• [About this task]
Every line below from the one with "David Schulman. 1881 - 1966." through the one with "Yuragi no Yu Bath Salts Variety Pack" should be retyped exactly, both ends included; no other lines and no pictures.

• [Data provided]
_ _ _ _ _ _ _

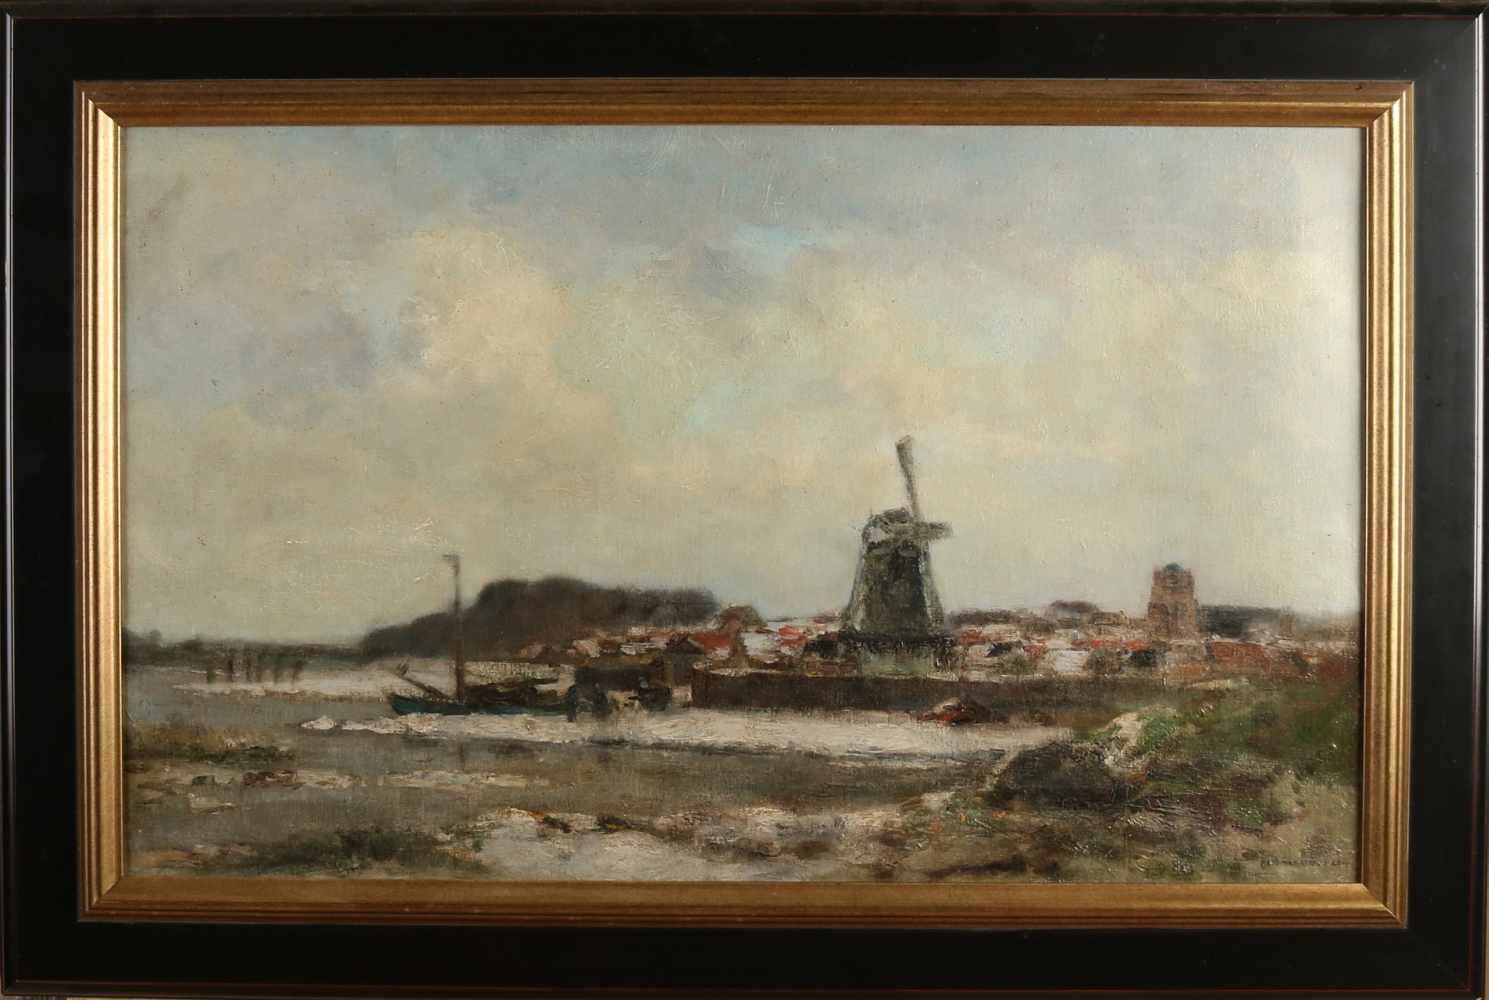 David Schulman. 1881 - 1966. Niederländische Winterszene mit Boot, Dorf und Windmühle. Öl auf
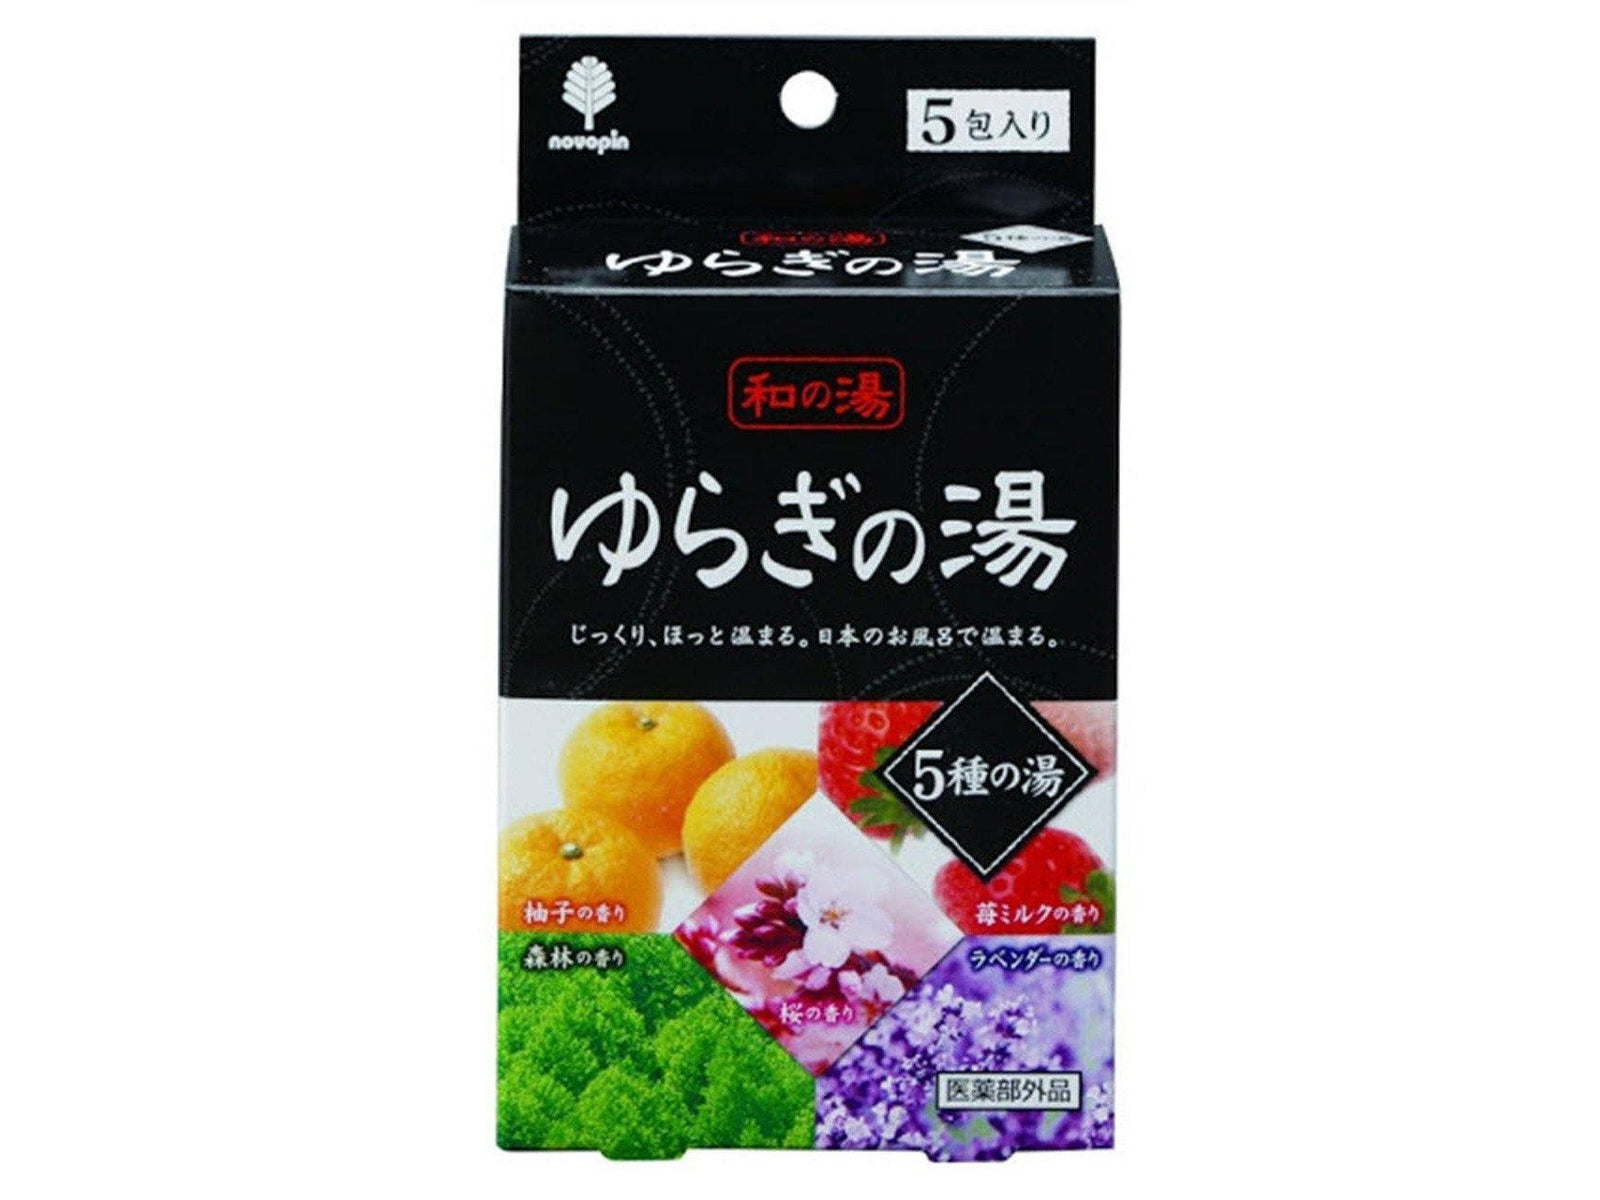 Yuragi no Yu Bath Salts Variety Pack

_ _ _ _ _ _ _

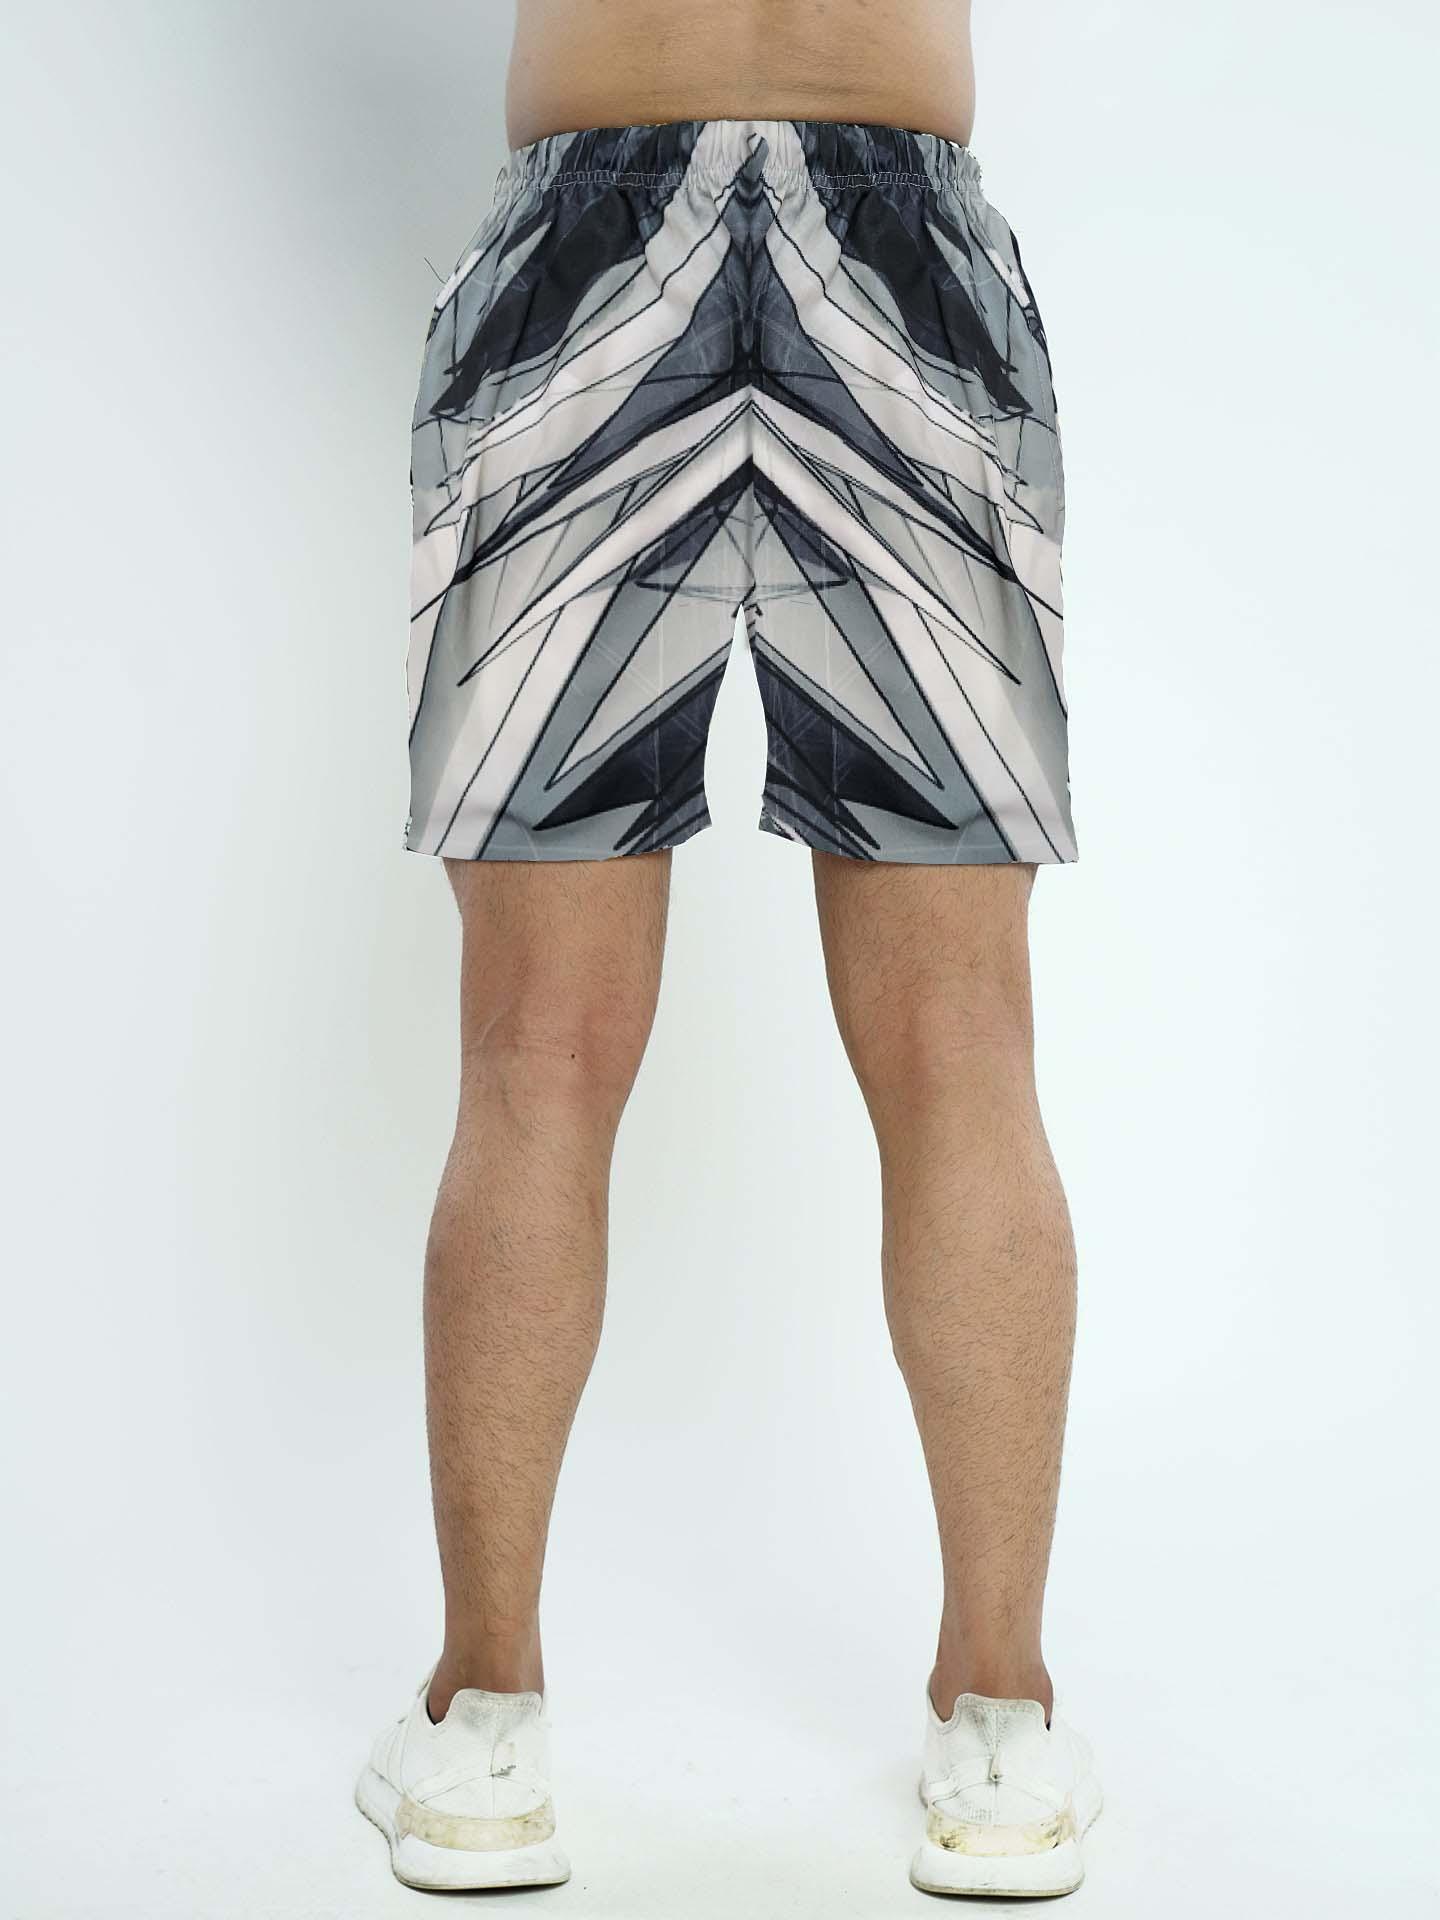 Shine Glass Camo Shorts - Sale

_ _ _ _ _ _ _

• [Problem solution]
 David Schulman. 1881 - 1966. Niederländische Winterszene mit Boot, Dorf und Windmühle. Öl auf
 Yuragi no Yu Bath Salts Variety Pack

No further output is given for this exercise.